Quelques traits communs et non exhaustifs, entre les deux femmes, la journaliste et la femme politique. Fidélité et Amitiés durables. Ne rien lâcher des causes et de leurs convictions. Une lutte pour l'émancipation de la femme avec un grand "F".

 

 

 

Une Piqûre de rappel ne fait jamais de mal. au contraire. Merci Colette

Note de la rédaction. 

 

Voir le blog de Colette Braeckman en cliquant ici

 

Le texte de ce 18 octobre 2015, écrit par Colette Braeckman 

 

Titre : Anne - Marie Lizin frappée au Coeur 

 

Anne-Marie Lizin a-t-elle emporté son carnet d’adresses ? On l’avait peut-être oublié, mais l’ex-bourgmestre de Huy était l’une des femmes des plus connues de Belgique sur le plan international, qui avait noué aux quatre coins de la planète des amitiés fidèles et des contacts utiles.

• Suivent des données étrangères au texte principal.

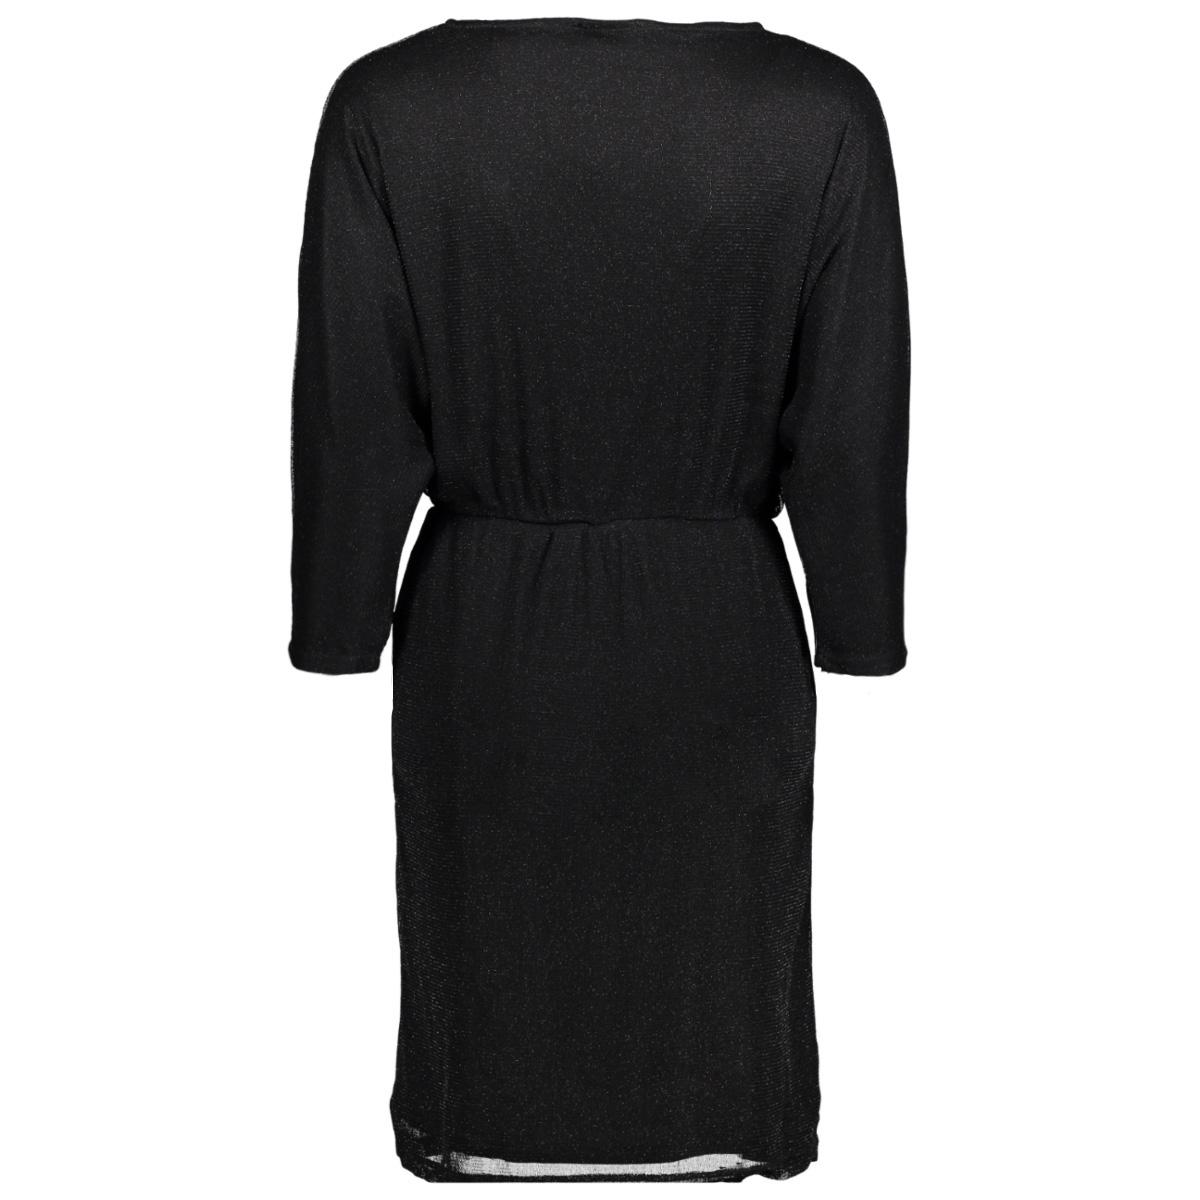 vilau 3/4 sleeve dress 14045415 vila jurk black/with black

Depuis ses débuts au cabinet d’Henri Simonet, à la fin des années 70 jusqu’à son poste de présidente du Sénat, Anne-Marie Lizin avait développé un sens extraordinaire des relations humaines. Par curiosité d’esprit, pour le plaisir de côtoyer les grands et les puissants, peut-être. Mais surtout parce que cette femme engagée, féministe, avait le sens de la solidarité internationale ; elle se souciait des peuples opprimés, avait suivi et soutenu les mouvements de libération, et avait gardé le contact lorsque les contestataires d’hier avaient à leur tour accédé au pouvoir, s’y installant souvent pour longtemps, comme à Cuba ou en Angola…

 

Lors de son passage au cabinet Simonet, elle avait noué le contact avec les mouvements de libération des anciennes colonies portugaises, suivi de près la lutte contre l’apartheid, et n’ignorait aucun des opposants à Mobutu. Elle connaissait personnellement Arafat, Fidel Castro, s’était rendue à d’innombrables reprises en Algérie, y compris en franc tireur pour ramener des enfants à leur mère, connaissait le Moyen Orient et le monde arabe comme sa poche…

Au Congo, elle avait connu Laurent Désiré Kabila durant ses années d’exil, et, l’une des seules Belges à être invitée au mariage de son fils Joseph, elle n‘hésita pas à faire l’aller retour, entre deux avions, deux conseils communaux, cinquante rendez vous…Certes, Anne-Marie bousculait, dérangeait.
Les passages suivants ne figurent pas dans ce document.